Retrieval from Video Databases


Introduction

Broadcast Television is one of the primary and popular sources of information. With the advent of video recorders, TV programs could be recorded and stored locally. Digital Libraries of broadcast videos could be easily built with existing technology. The storage, archival, search and retrieval of broadcast videos provide a large number of challenges for the research community. The following projects address these challenges.

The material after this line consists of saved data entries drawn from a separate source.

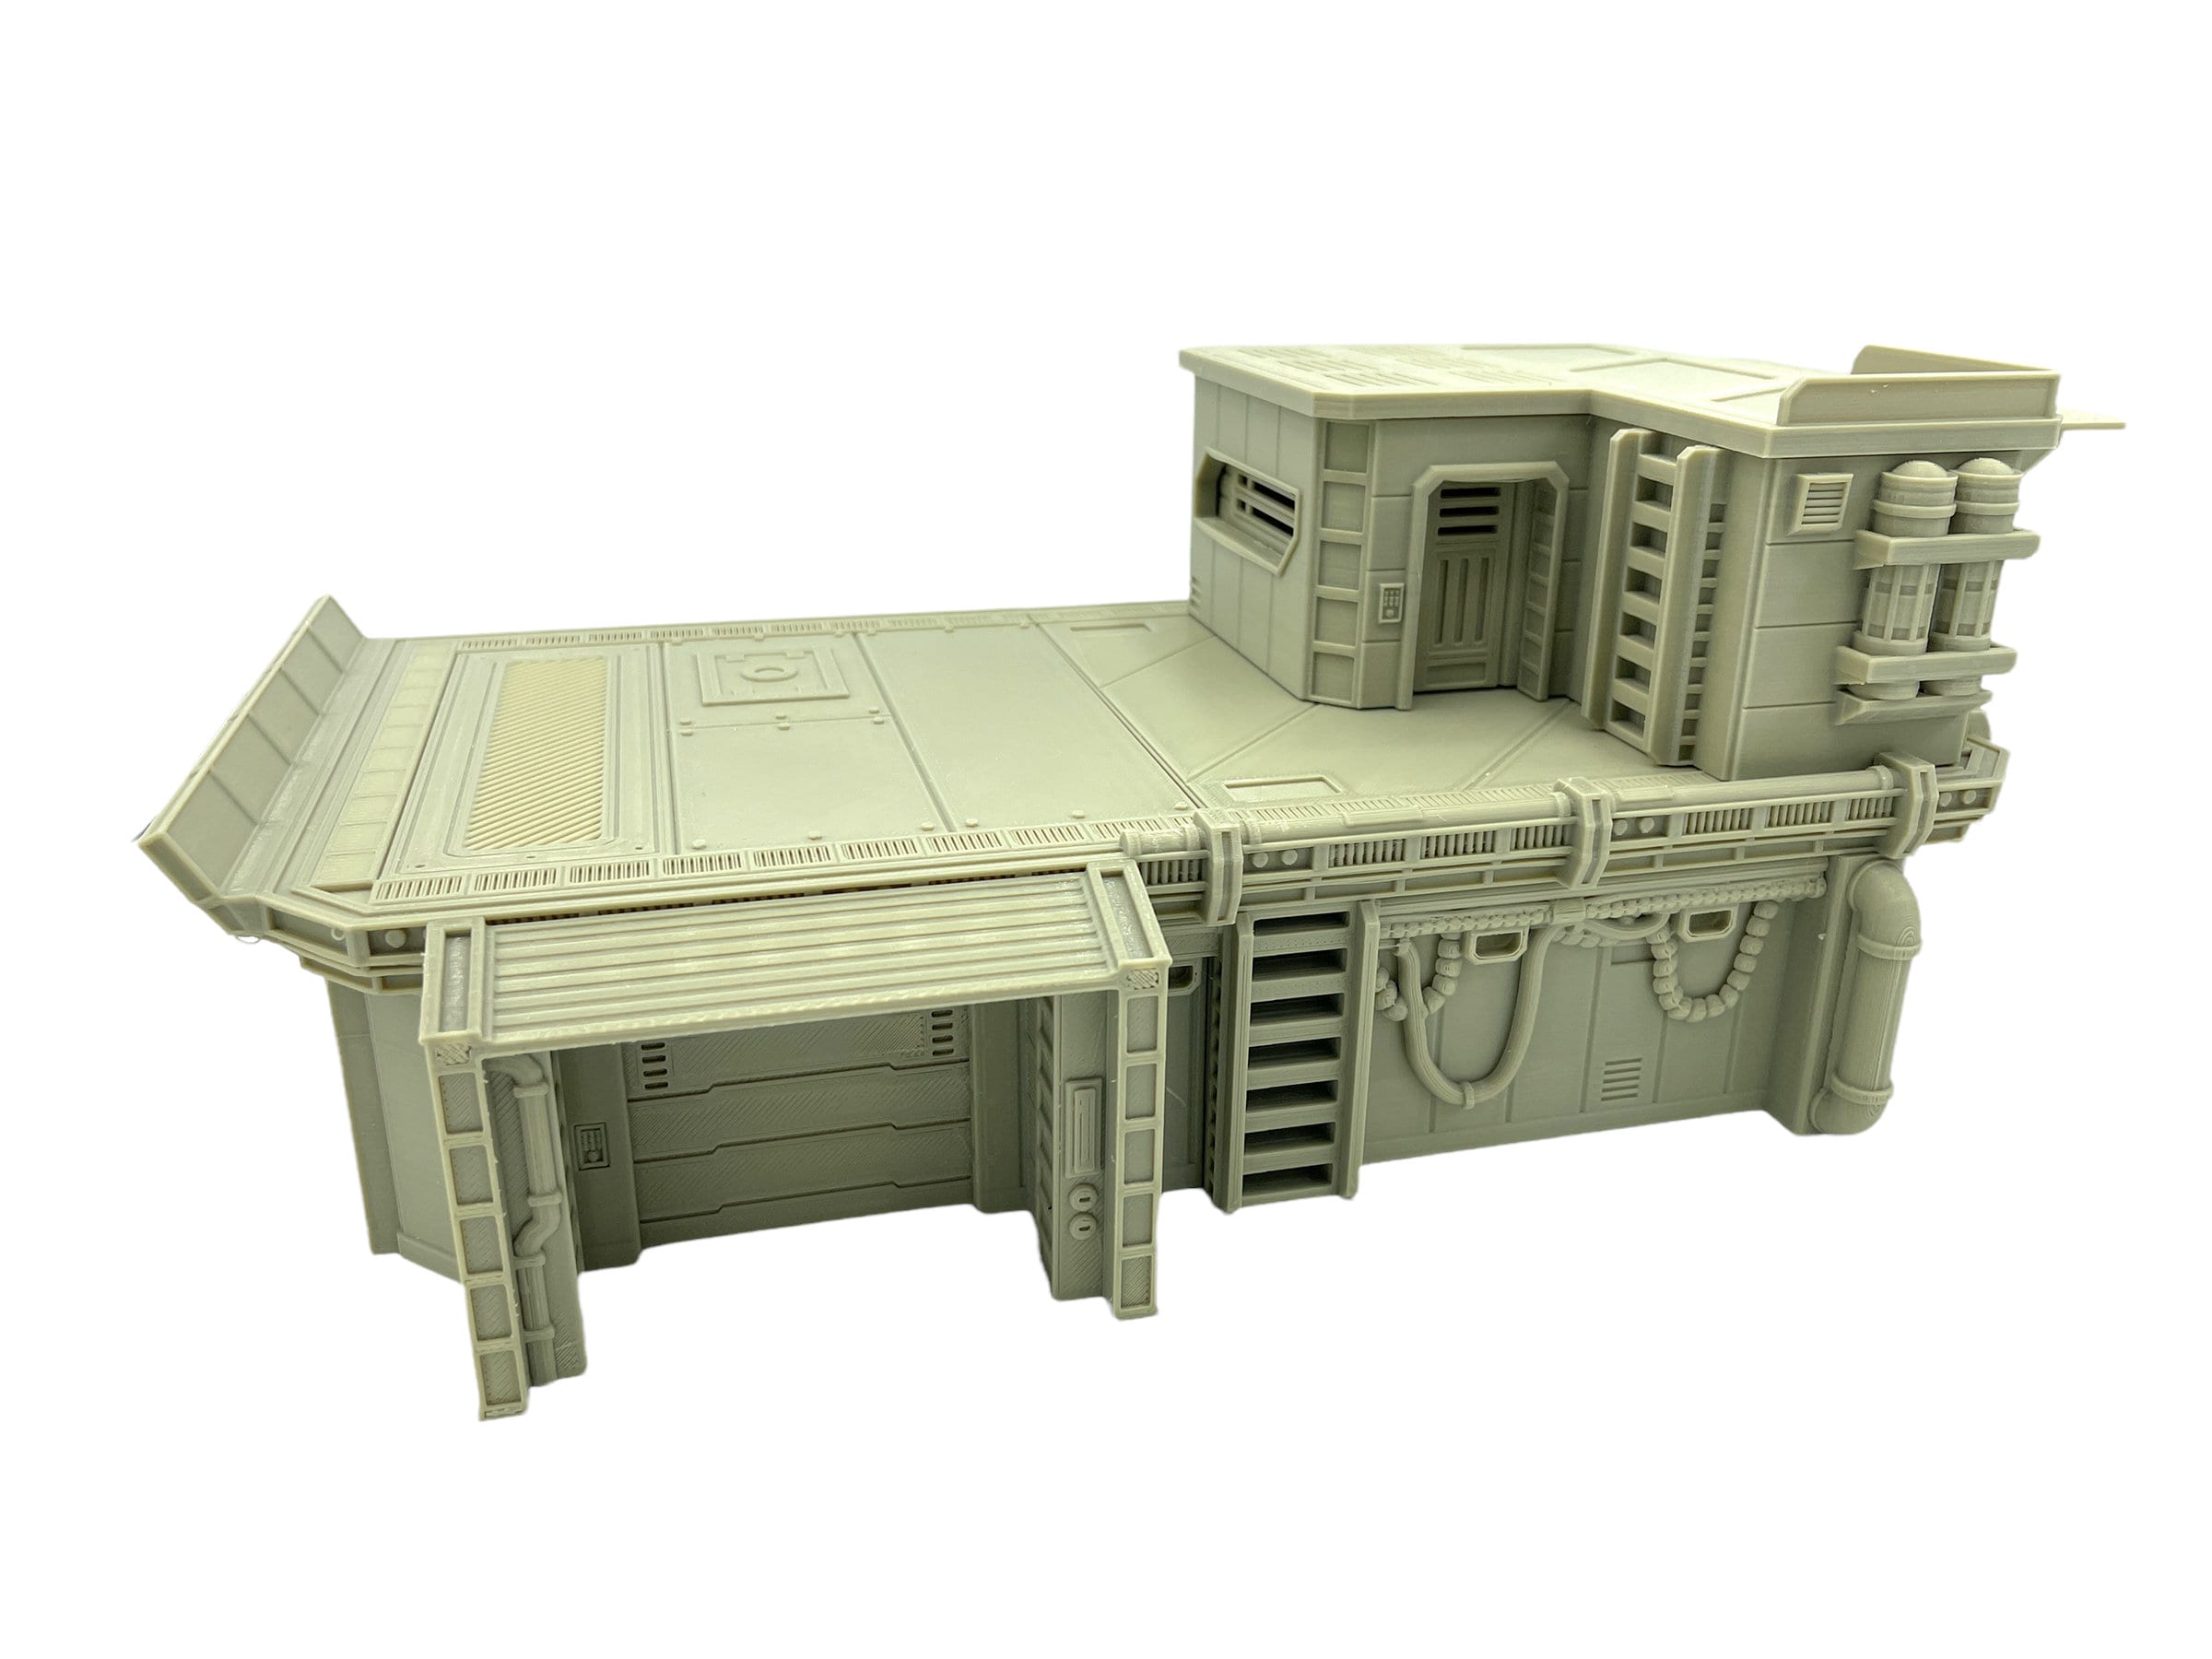 3d Printed / Command Platform / Star Wars Legion Compatible Terrain / Corvus Games Terrain Licensed Printer / Print to Order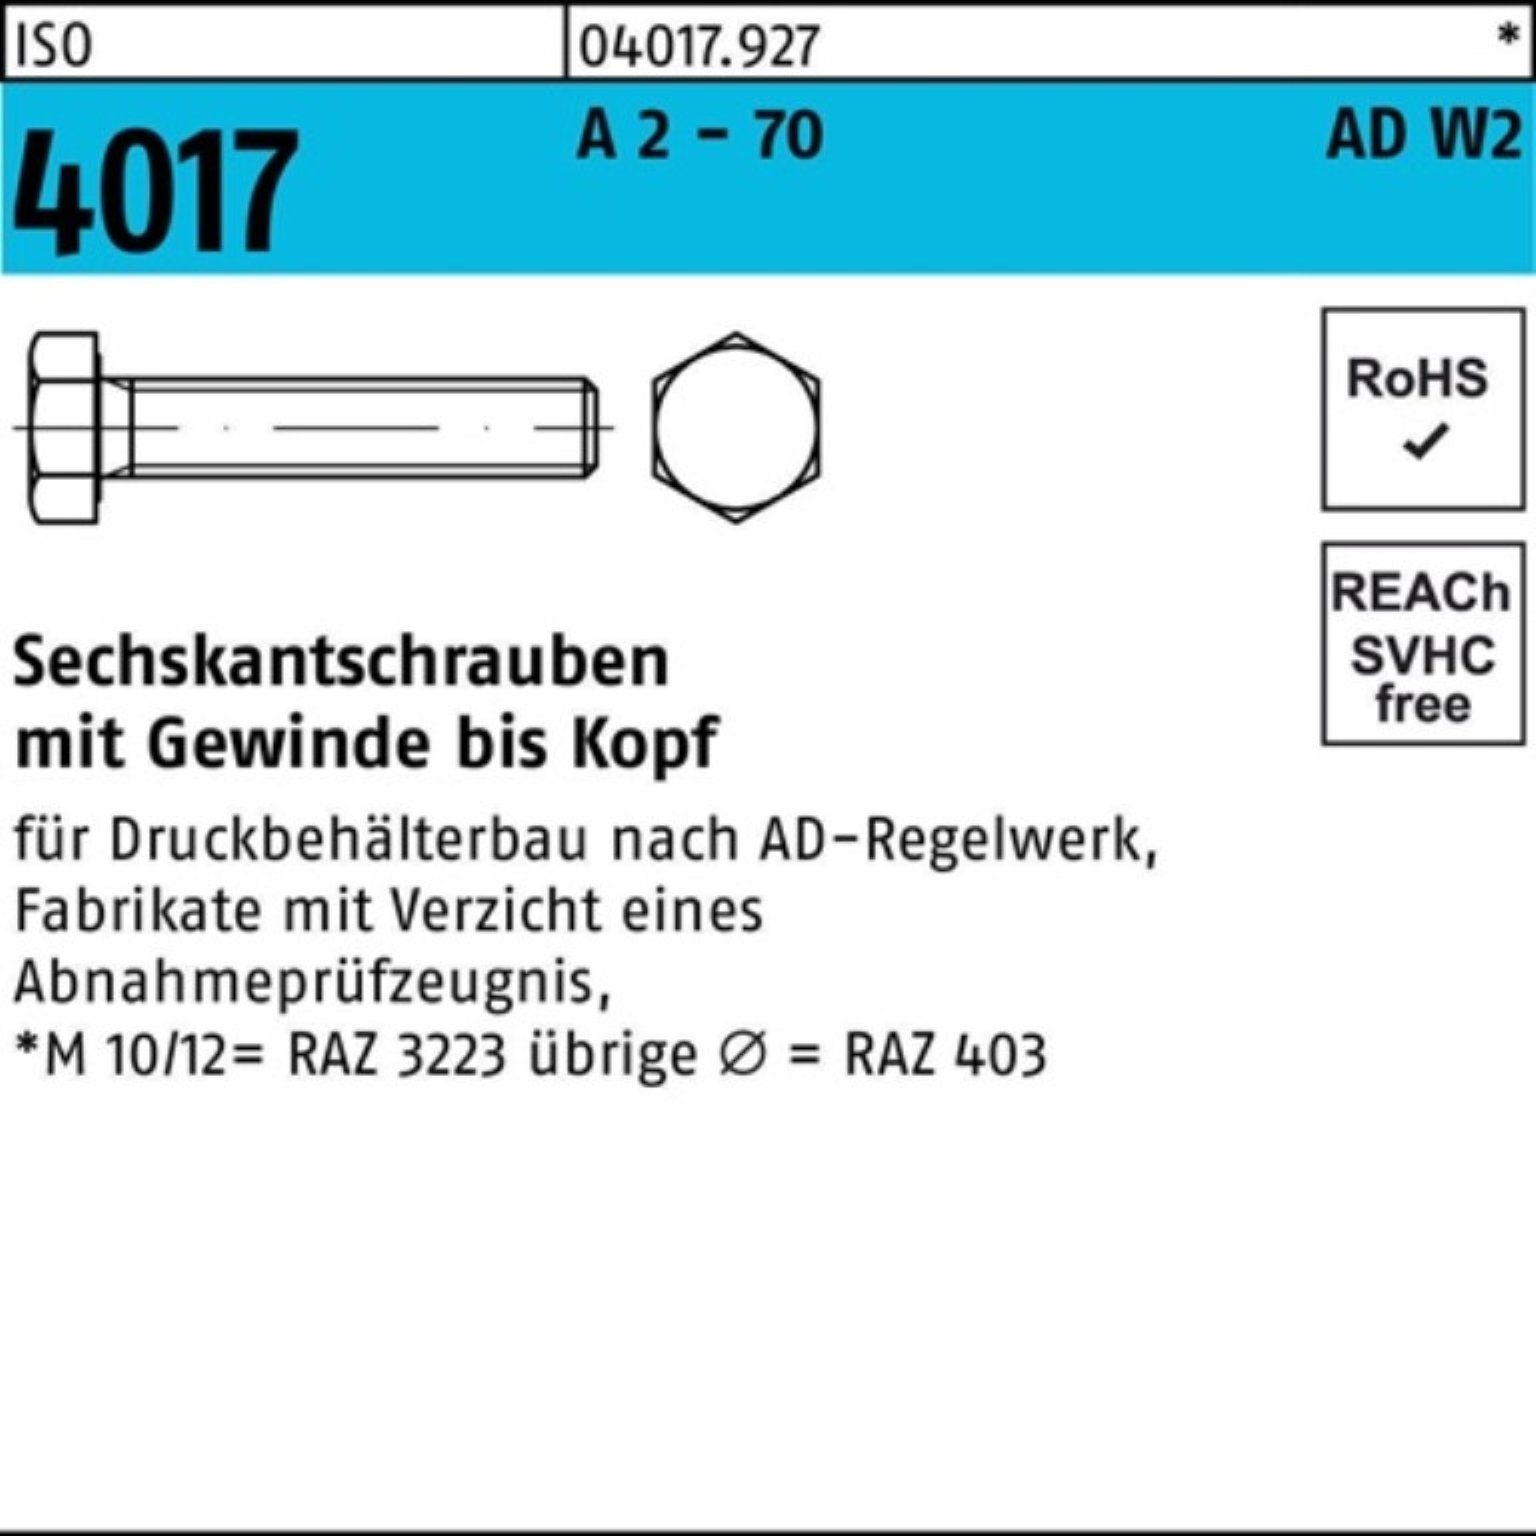 Bufab Sechskantschraube 100er Pack Sechskantschraube ISO 4017 VG M12x 60 A 2 - 70 AD-W2 50 St | Schrauben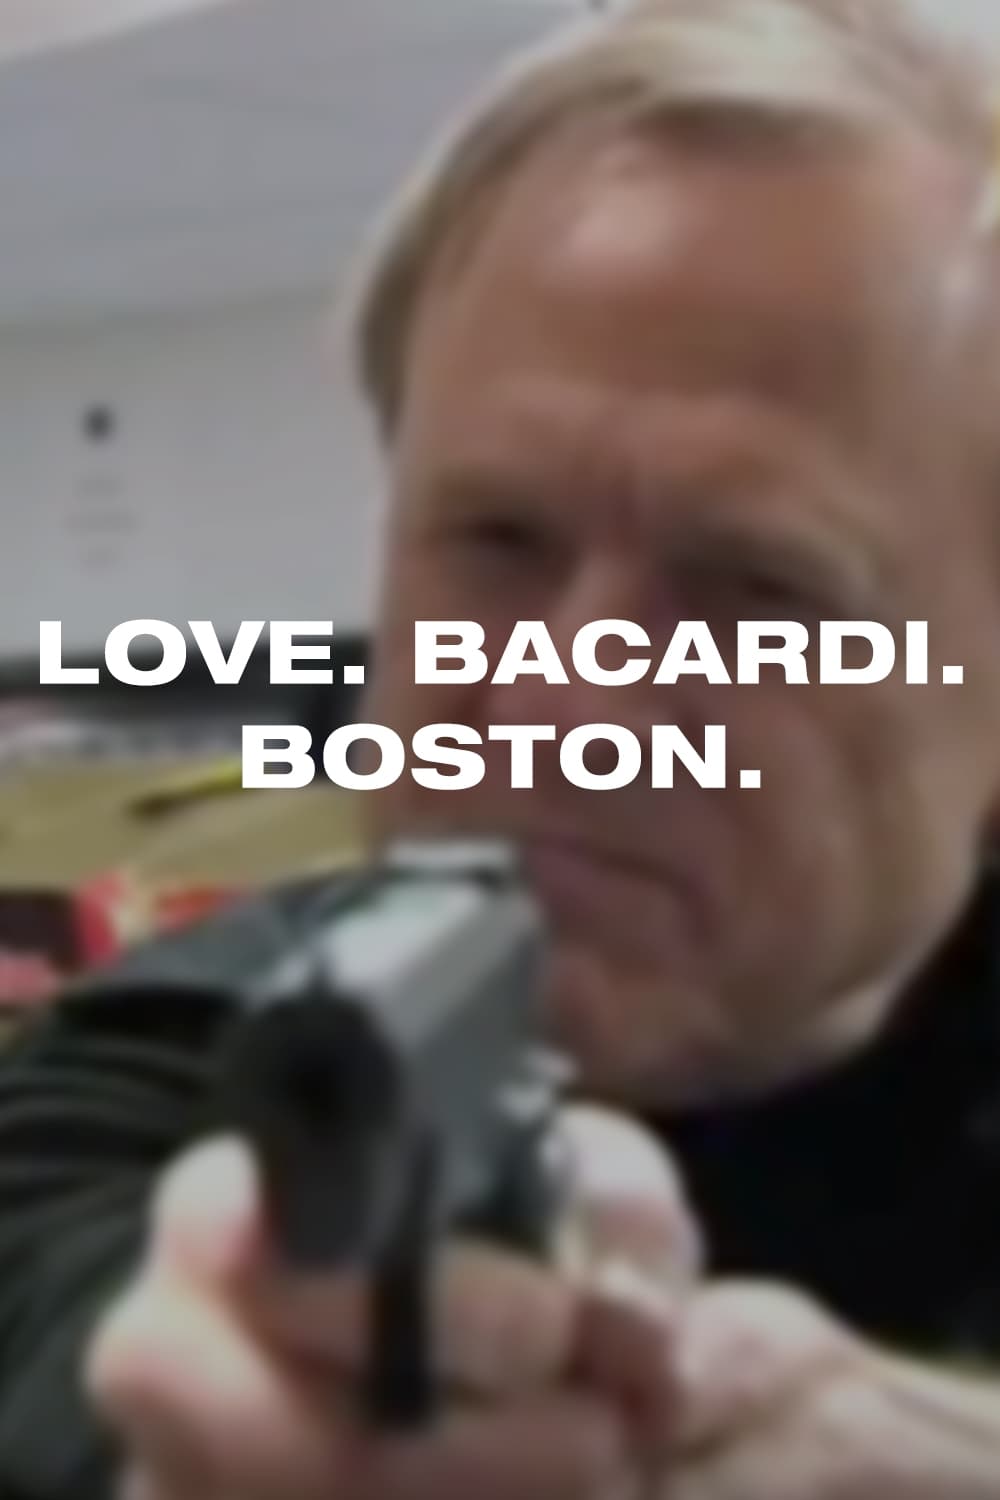 Love. Bacardi. Boston.

Building a Digital Library of Broadcast Videostvserverss

Digital libraries of broadcast videos allows one to archive television content for later viewing and reference. The importance and significance of such a library is similar to building a digital library for all books. The collection in the library is built by recording TV. Since it is difficult to record and store all channels simultaneously, a schedule is chosen to record programmes across various channels. An UI allows users to choose the schedule to be recorded for later viewing.

The videos are stored over multiple nodes that act as a storage cluster. An explicit file system structure is maintained for storing the videos. The file system incorporates the meta level information regarding the videos, such as date, time and channel recorded from. This allows users to easily browse and search the library for programs using these details.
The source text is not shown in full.